Several existing algorithms, although not specifically designed for CRISPR/Cas9 knockout screens, can be used to identify significantly selected sgRNAs or genes. For example, edgeR [7], DESeq [8], baySeq [12] and NBPSeq [13] are commonly used algorithms for differential RNA-Seq expression analysis. These algorithms are able to evaluate the statistical significance of hits in CRISPR/Cas9 knockout screens, although only at the sgRNA level.
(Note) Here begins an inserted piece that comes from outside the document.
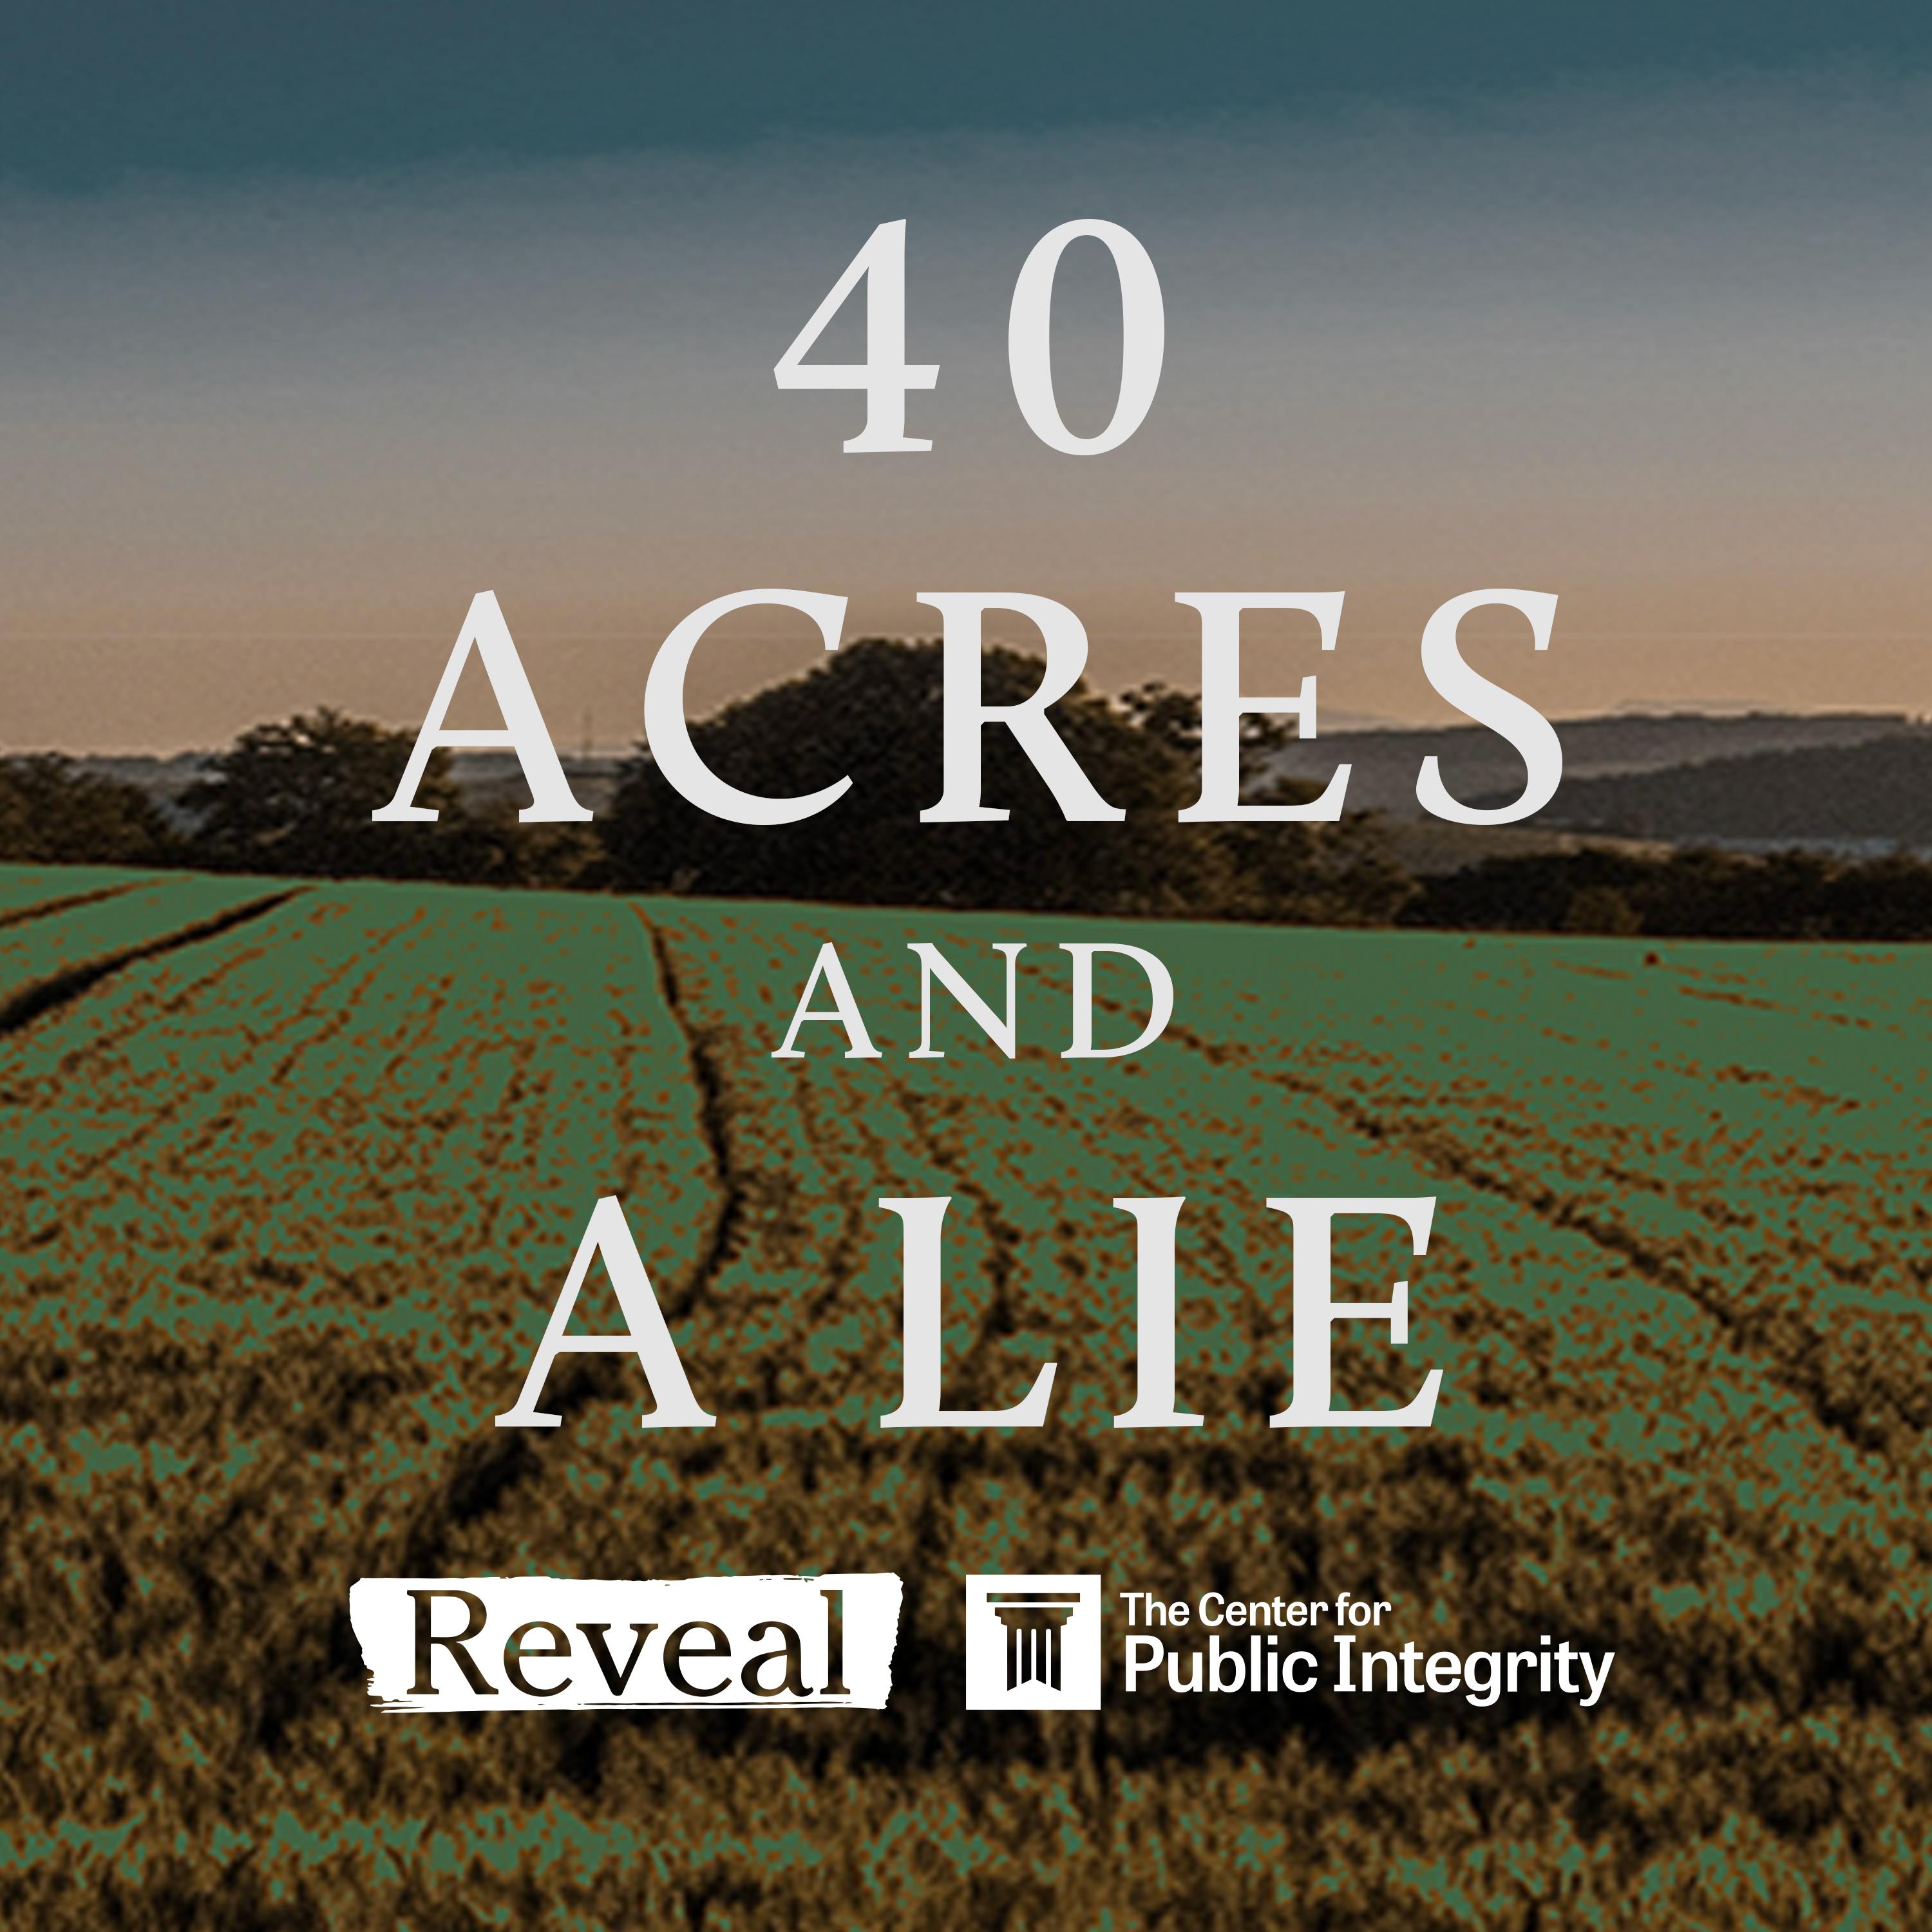 Thumbnail for "40 Acres and a Lie Part 3".

Algorithms designed to rank genes in genome-scale short interfering RNA (siRNA) or short hairpin RNA (shRNA) screens can also be used for CRISPR/Cas9 knockout screening data, including RNAi Gene Enrichment Ranking (RIGER) [14] and Redundant siRNA Activity (RSA) [15]. However, these methods are designed to identify essential genes mostly from oligonucleotide barcode microarray data, and a new algorithm is needed to prioritize sgRNAs, as well as gene and pathway hits from high-throughput sequencing data.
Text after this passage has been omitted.